Protecting estate funds from cyber crime

Protecting estate funds is part of the responsibilities of an acting executor. Between the months of April and September 2018 financial losses caused by cybercrime increased by 25% according to the latest figures provided by Action Fraud. This means cyber criminals were able to steal £34.6 million during this time.

Conveyancing, Wills and Probate has become an attractive target for a specific type of cybercriminal. Probate cases often involve large amounts of liquid cash waiting to be transferred to beneficiaries and this is where these fraudsters are taking the opportunity to divert thousands of pounds of the estate’s money to themselves.

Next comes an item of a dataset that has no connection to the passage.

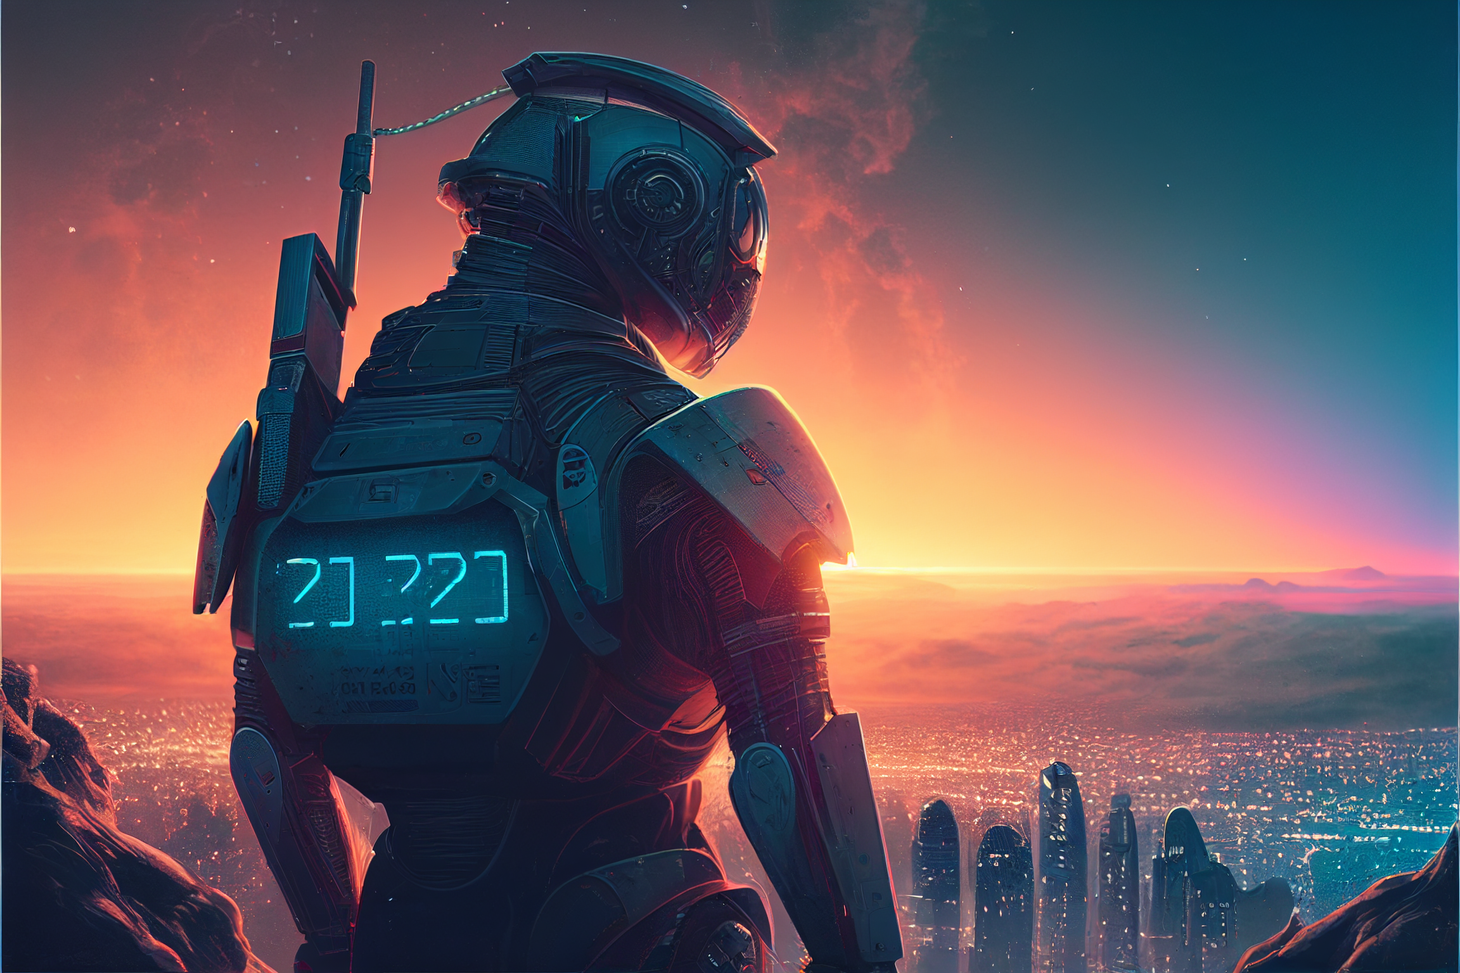 An advanced robot looks toward a sunset from a mountain above a city skyline.

All solicitors have their own due diligence processes in place to try and protect their clients as much as possible from these types of scams. However, criminals have becoming more and more sophisticated in their attempts to defraud estates and these processes are being put to the test. A recent report by the Society of Trust and Estate Practitioners (STEP) has stated that probate fraud is predicted to be in the region of £150 million.

A third of the total cyber-attacks in 2018 were Email attacks and impersonation attacks. This is just one of the techniques used by cyber criminals to try and get their hands on an estates’ funds. Fraudsters will hack a beneficiaries Email address and provide incorrect bank details so that when the inheritance is distributed its paid directly into the criminal’s bank account.

Final Duties want to take extra precautions to protect our clients as much as possible. For this reason, we have chosen to use Lawyer checker’s consumer bank account checker to provide extra security for our clients. All of the solicitors on our panel are required to undertake a consumer bank account check for every beneficiary.

A consumer bank account check is used prior to any transfer of estate funds to ensure that the owner of the bank account is the intended beneficiary. This check will identify fraudulent bank accounts and ensure the safe transfer of a beneficiary’s inheritance.